Sah, Joe Biden Resmi Jadi Presiden ke-46 Amerika Serikat

Hardani Triyoga, Dinia Adrianjara
·Bacaan 2 menit

VIVA – Joseph Robinette Biden Jr. atau Joe Biden telah resmi dilantik sebagai Presiden ke-46 Amerika Serikat. Bersama Wakil Presiden Kamala Harris, keduanya akan memimpin Negeri Paman Sam dalam masa jabatan empat tahun ke depan.

"Saya bersumpah dengan sungguh-sungguh bahwa saya akan dengan setia menjalankan tugas sebagai Presiden Amerika Serikat, dan akan dengan kemampuan terbaik saya melestarikan, melindungi dan mempertahankan Konstitusi Amerika Serikat," kata Biden saat menyampaikan sumpah jabatan dikutip dari video laman The Guardian .

Di hari pertama sebagai presiden, Biden direncanakan menandatangani 17 perintah eksekutif untuk membalikkan beberapa kebijakan yang diambil di masa pemerintahan Donald Trump.

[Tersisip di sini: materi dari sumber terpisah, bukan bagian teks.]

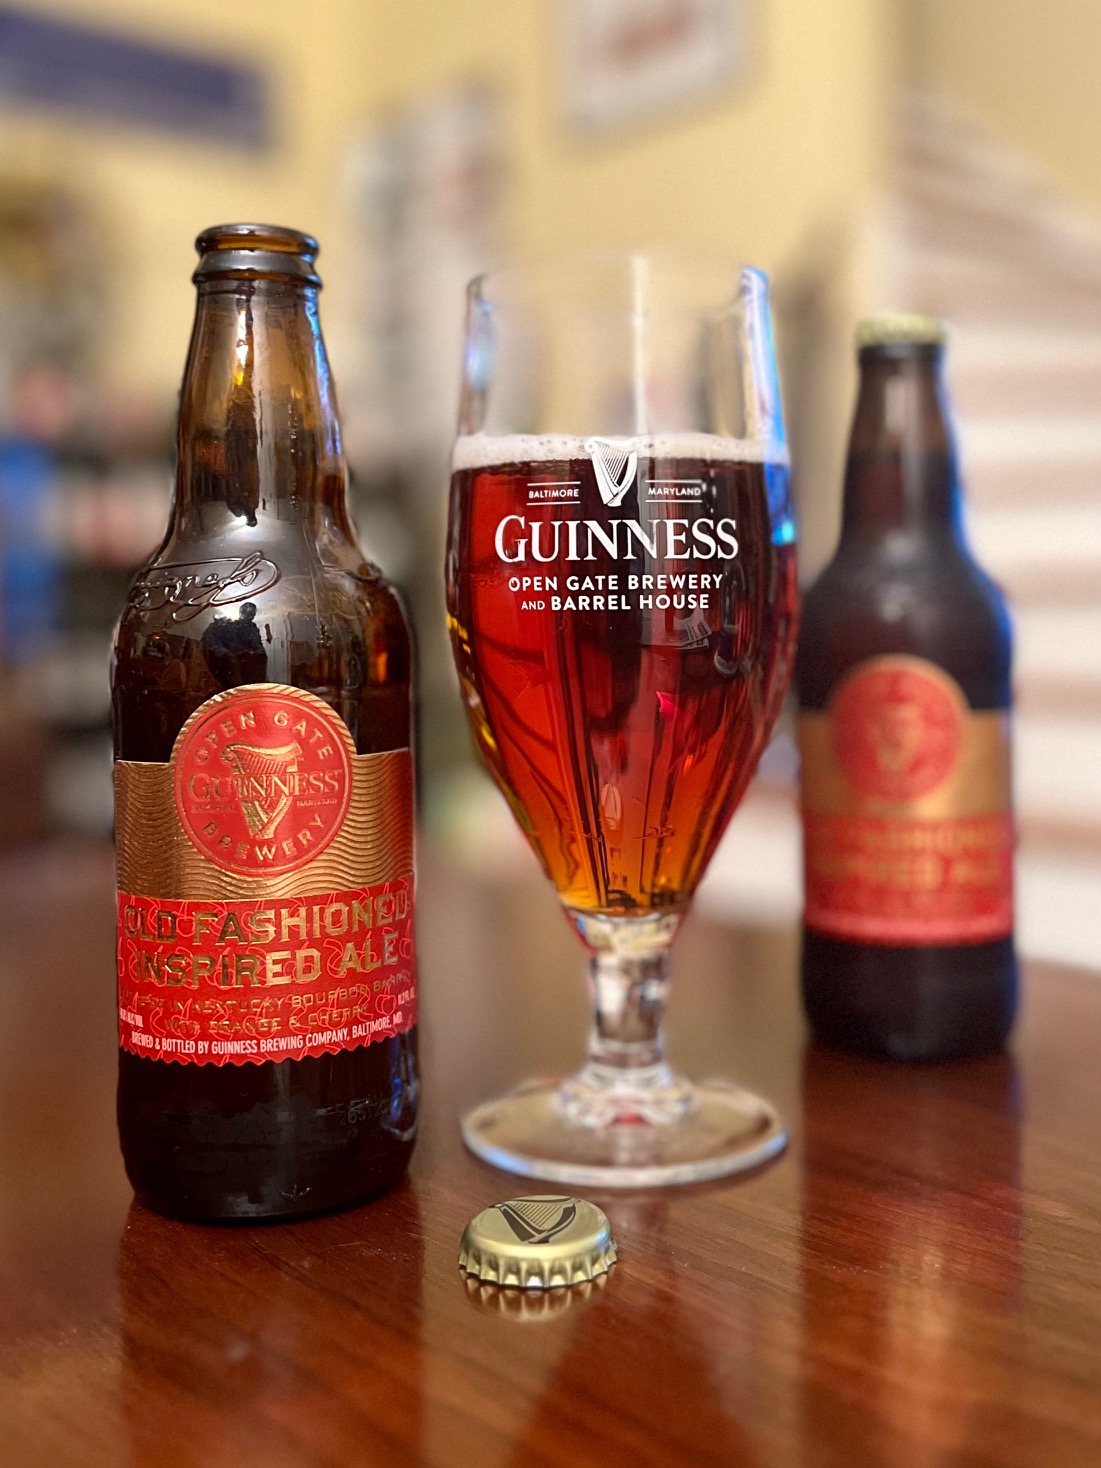 Guinness Old Fashioned Inspired Ale is a new barrel-aged beer from the brewery's Open Gate Brewery in Maryland.

Sebagai langkah pertama, Biden akan mengakhiri larangan masuk bagi warga dari beberapa negara mayoritas Muslim yang selama ini dilakukan oleh pemerintahan Donald Trump. Biden juga akan menghentikan pembangunan tembok perbatasan AS-Meksiko yang dibuat Trump untuk membendung masuknya imigran ilegal.

Biden akan menetapkan mandat penggunaan masker di seluruh properti federal, untuk membendung penyebaran COVID-19, memulihkan perlindungan cagar alam berharga yang dihilangkan Trump dan mengupayakan pembekuan penggusuran dan perlindungan bagi jutaan orang yang terdampak pandemi.

Setelah resmi menjadi Presiden dan Wakil Presiden, Biden dan Harris beserta pasangan mereka akan berpartisipasi dalam Pass in Review di East Front of the Capitol dengan anggota militer.

"Pass in Reviews adalah tradisi militer lama yang mencerminkan pengalihan kekuasaan secara damai kepada Panglima Tertinggi yang baru," kata komite pengukuhan acara tersebut, seperti dilansir USA Today.

Selanjutnya, mereka akan menuju ke Pemakaman Nasional Arlington untuk meletakkan karangan bunga di The Tom of the Unknown Soldier. Mantan Presiden Barack Obama, George W. Bush dan Bill Clinton, serta mantan ibu negara Michelle Obama, Laura Bush dan Hillary Rodham Clinton, juga akan menghadiri upacara di Arlington.

Biden kemudian akan menerima pengawalan presiden dari 15th Street ke Gedung Putih. Pengawalan itu mencakup perwakilan dari setiap cabang militer termasuk US Army Band, Joint Service Honor Guard, dan Fife and Drum Crops dari US Infantry.

Parada virtual juga akan digelar, yang akan disiarkan di televisi dan menampilkan pertunjukan di komunitas-komunitas di seluruh negeri. Parade tersebut akan merayakan pahlawan Amerika, menyoroti seluruh lapisan masyarakat di berbagai negara bagian dan wilayah.

Lahir pada November 1942, Biden merupakan presiden AS dengan usia tertua. Biden memenangkan pemilu setelah berhasil mendapatkan suara mayoritas di Electoral College, dengan total 306 suara elektoral.